The doctor or a member of his or her team will give you instructions about what to do, or more particularly, what not to do, the night before surgery. 

Typical instructions include the following. Your instructions may differ. 

  • Don't eat or drink anything after midnight.
  • Don't smoke after midnight.
  • Don't chew gum after midnight.
  • Don't take any medications except those specifically approved by the doctor.
  • Depending on the operation, you may be required to take an enema or laxative to clean out your bowels.
  • It is advisable to bathe or shower the night before your operation, or first thing in the morning.


Follow whatever instructions you are given by your doctor and/or health care center.
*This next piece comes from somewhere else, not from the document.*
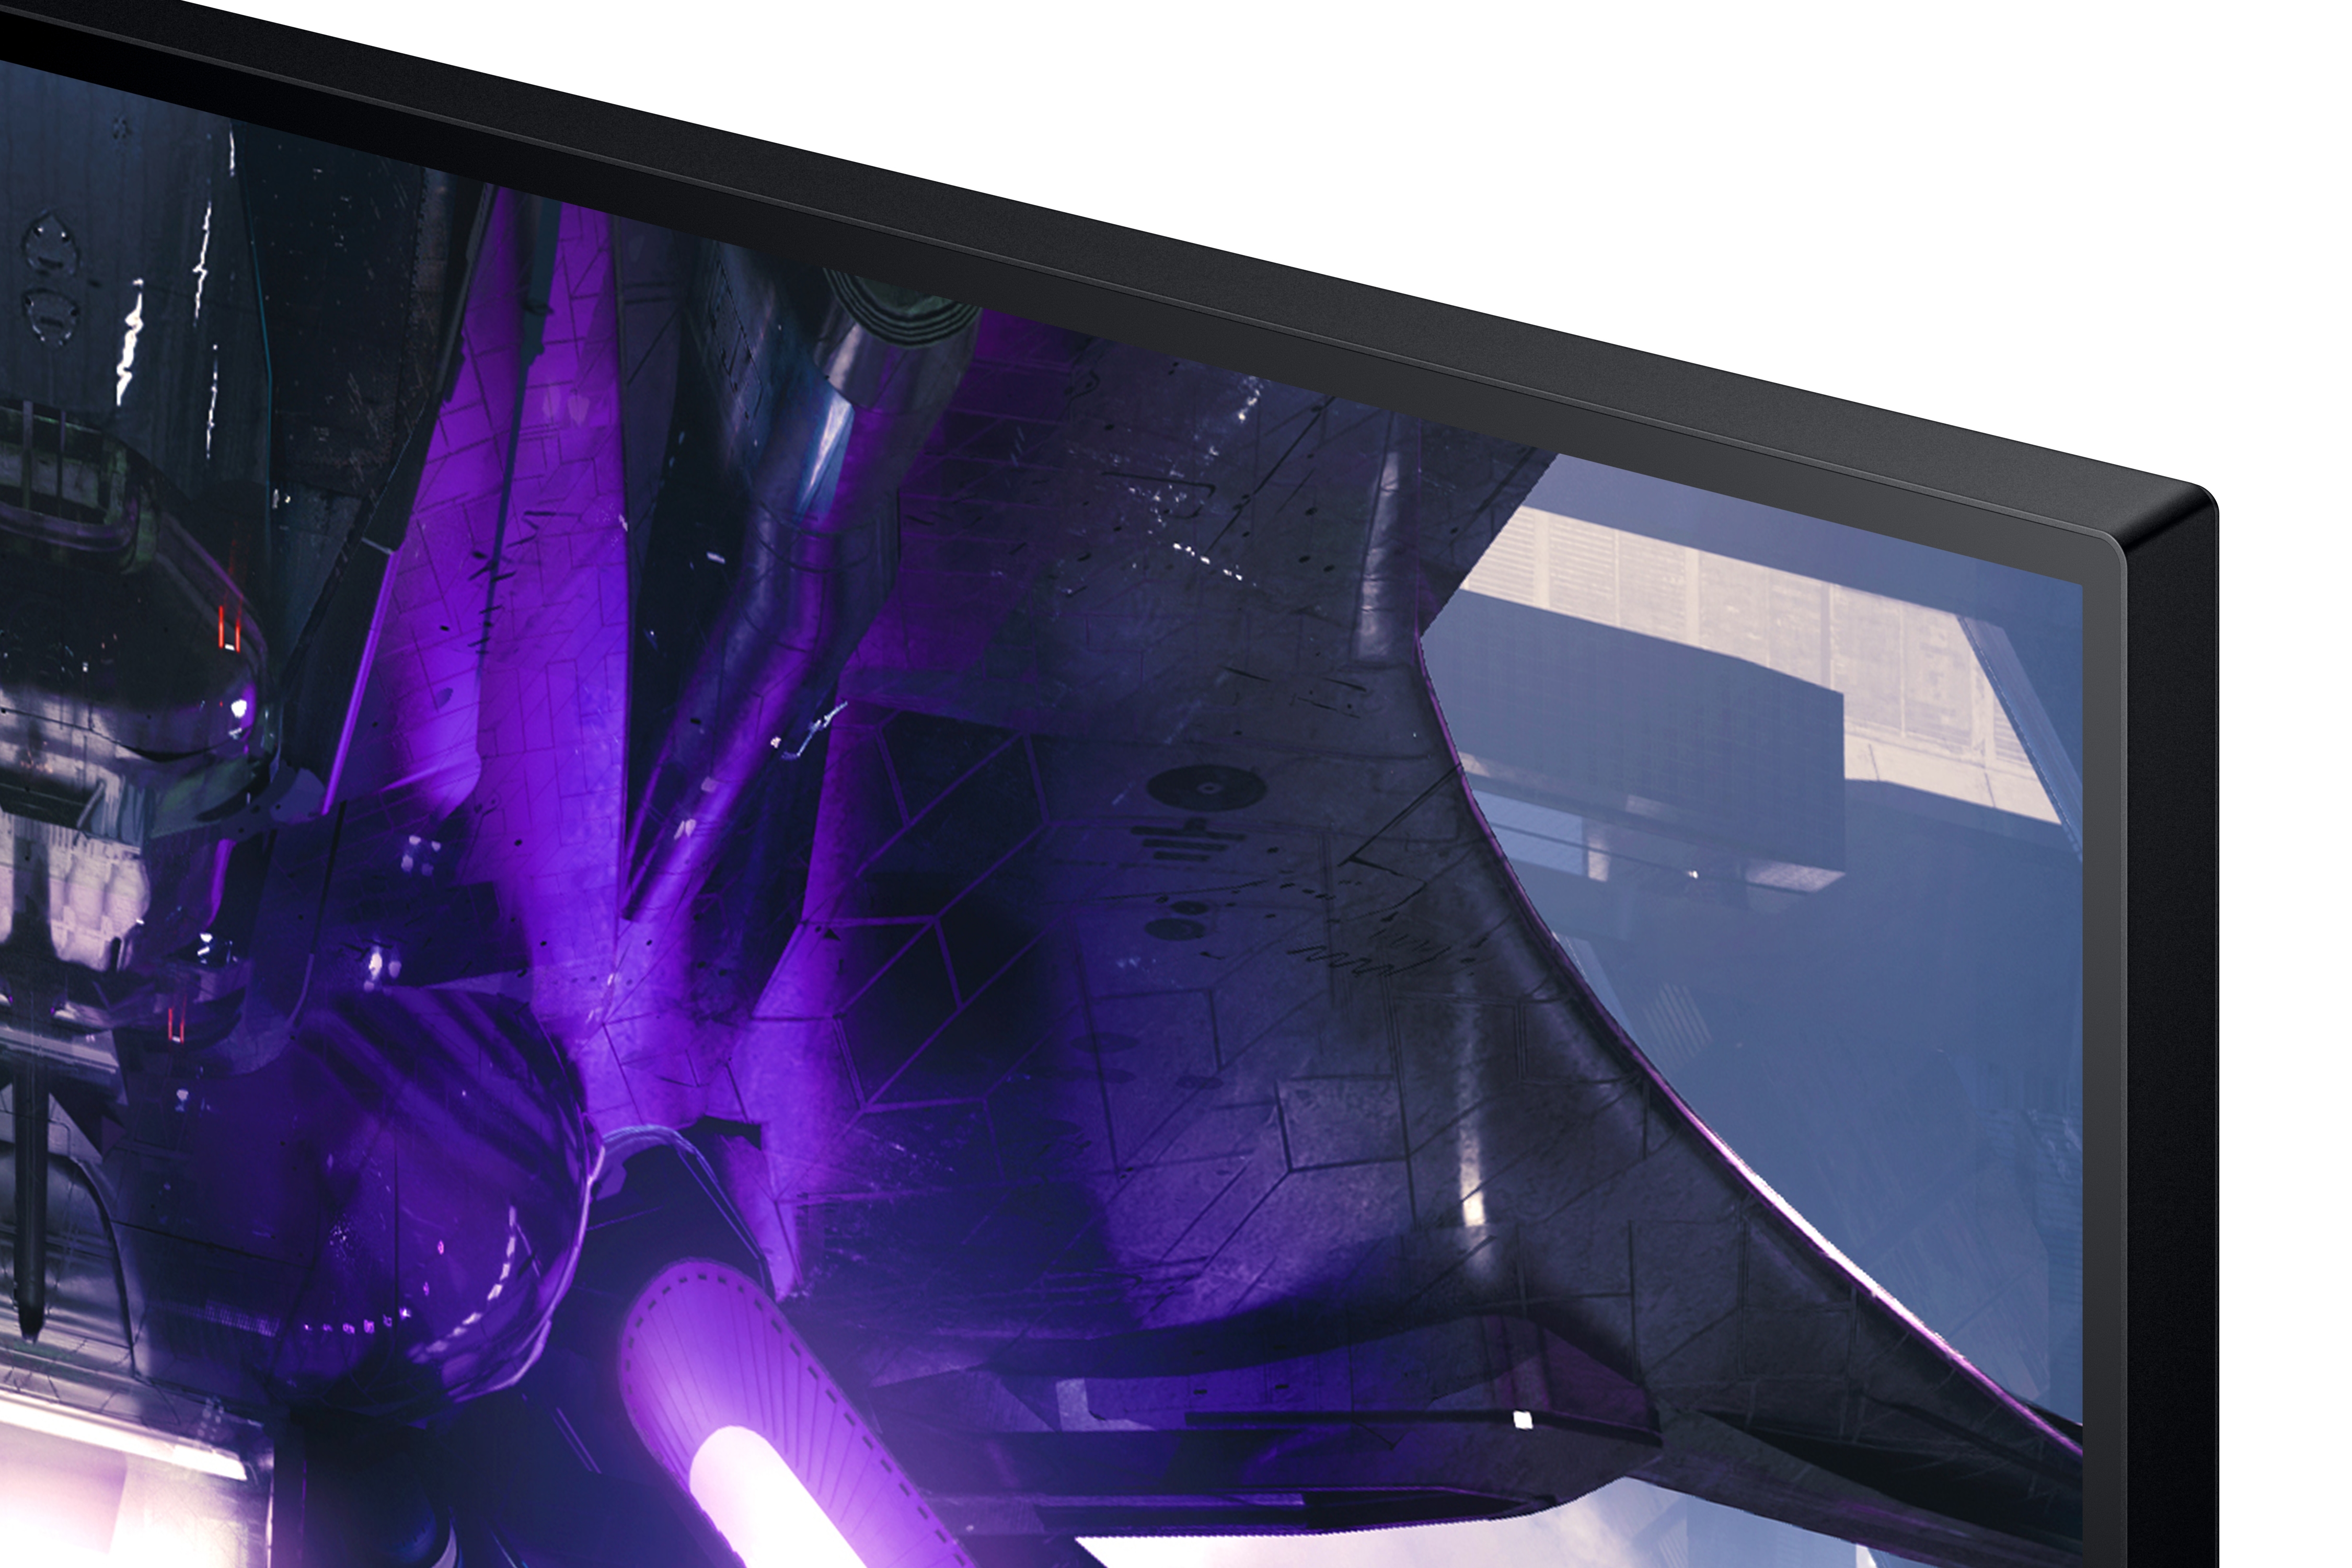 Thumbnail image of 32” Odyssey G32A FHD 165Hz 1ms Gaming Monitor
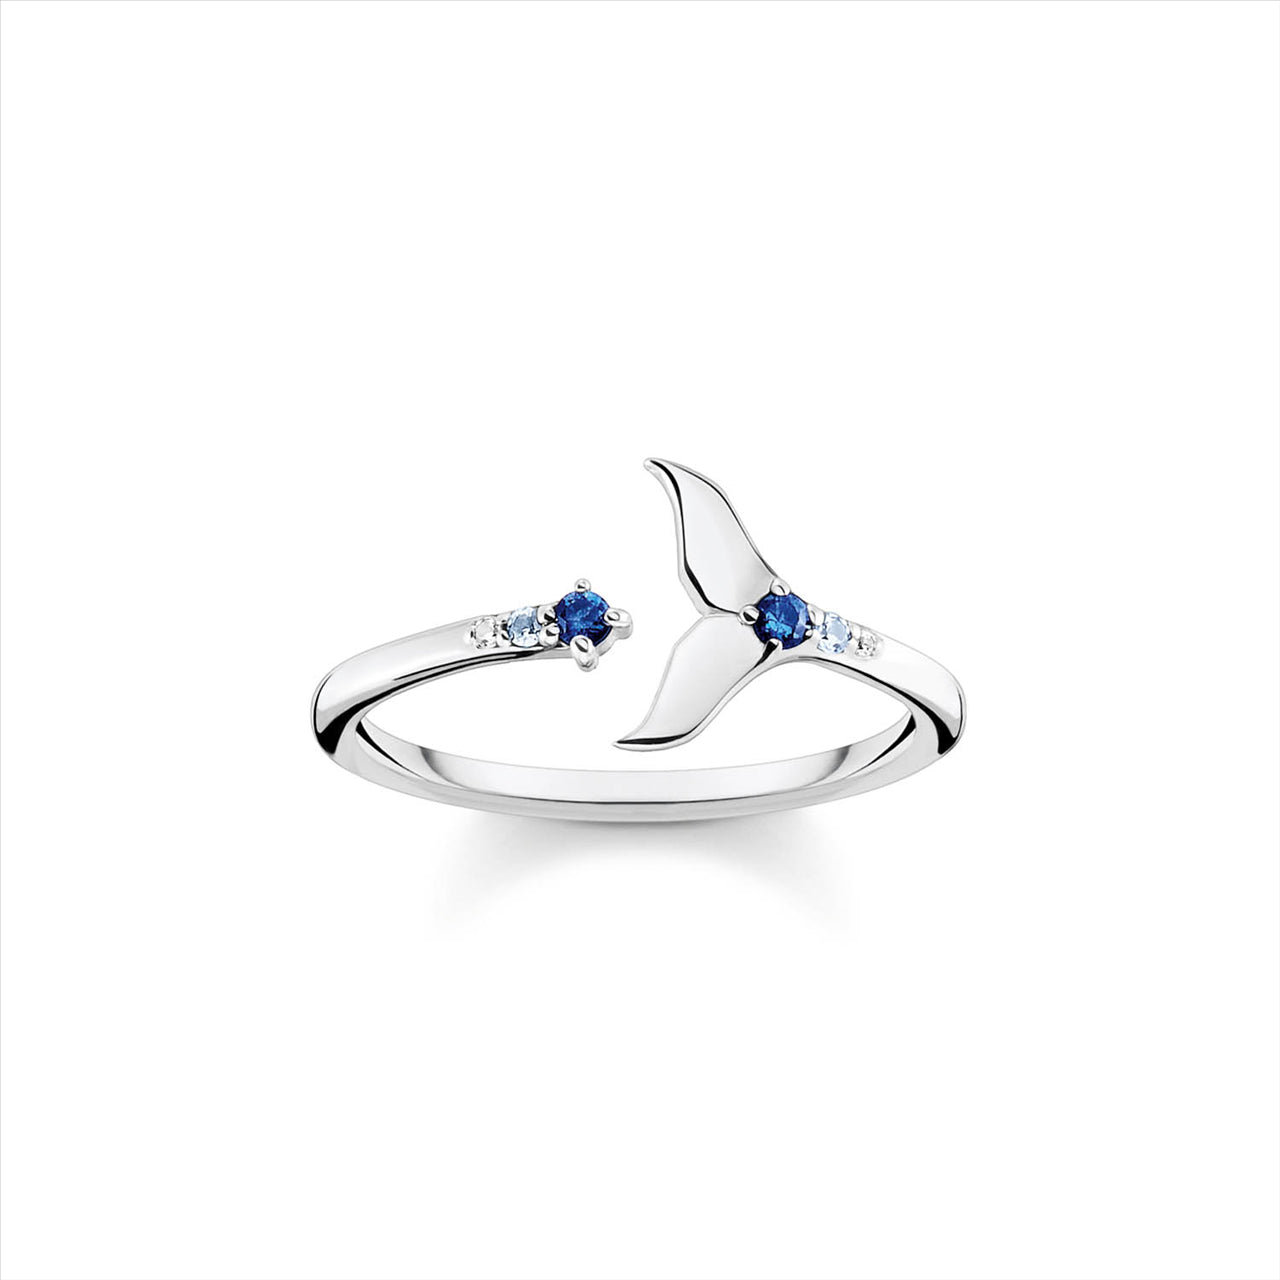 Thomas Sabo "Ocean Vibes" Sterling Silver Dolphin Tail Blue Cubic Zirconia Ring

These usually include the following:

  • Cleanliness
    • Clean yourself well, preferably with an anti-bacterial soap. 
    • You may be asked to clean yourself with a medical strength anti-bacterial.
  • Food and Drink
    • You will likely be asked not to eat or drink anything the day of surgery. 
    • Ask your doctor which of your medications it is okay to take and how much liquid you can take them with.
  • Jewelry and Other Valuables
    • Do not wear jewelry or take other valuables with you. 
    • If you do, give them to a trusted person prior to surgery.

Prior to surgery:

  • You will meet with the anesthesiologist, the doctor who will make sure you feel no pain during surgery, monitors your vital functions during surgery and who makes changes in the protocol if you have any reactions during surery. The anesthesiologist will describe the type of anesthesia he or she proposes to use during the operation. The anesthesiologist will also tell you what type of anesthesia will be used and what after effects to expect, if any. He or she will ask about the following. The answers help the anesthesiologist decide which anesthesia to administer and reactions to watch for. Questions include:
    • Previous reactions to anesthesia.
    • Allergies.
    • Medical conditions you have in addition to the one for which you are being operated on.
    • About your smoking habits.
    • Your average alcohol consumption.
    • Use of marijuana and other illegal drugs.
    • Medications you take (which is yet another reason to keep a  with you at all times. We have a form you can use to keep your List. Click here.)
  • You will be asked to sign a consent form if you haven't signed on already. Be sure to read every word of the form so you understand what it says before signing. If you have questions, ask. If you don't agree with something, cross it out and initial the change. For instance, if the form says the surgery may be performed by the doctor you chose or one of his or her associates. If you only want the doctor you approved to do the surgery, change the form.

As you are moved toward the operating room

You will likely be given a drug which will sedate you, but keep you conscious until the surgery starts. 

When you enter the operating room, you will likely be asked what procedure is to be performed and where (for instance, on the right arm). If you are not asked, ask the surgeon: "what is it you plan to do today?".  Be sure it is what you agreed to.  These questions may sound silly, but they help prevent errors.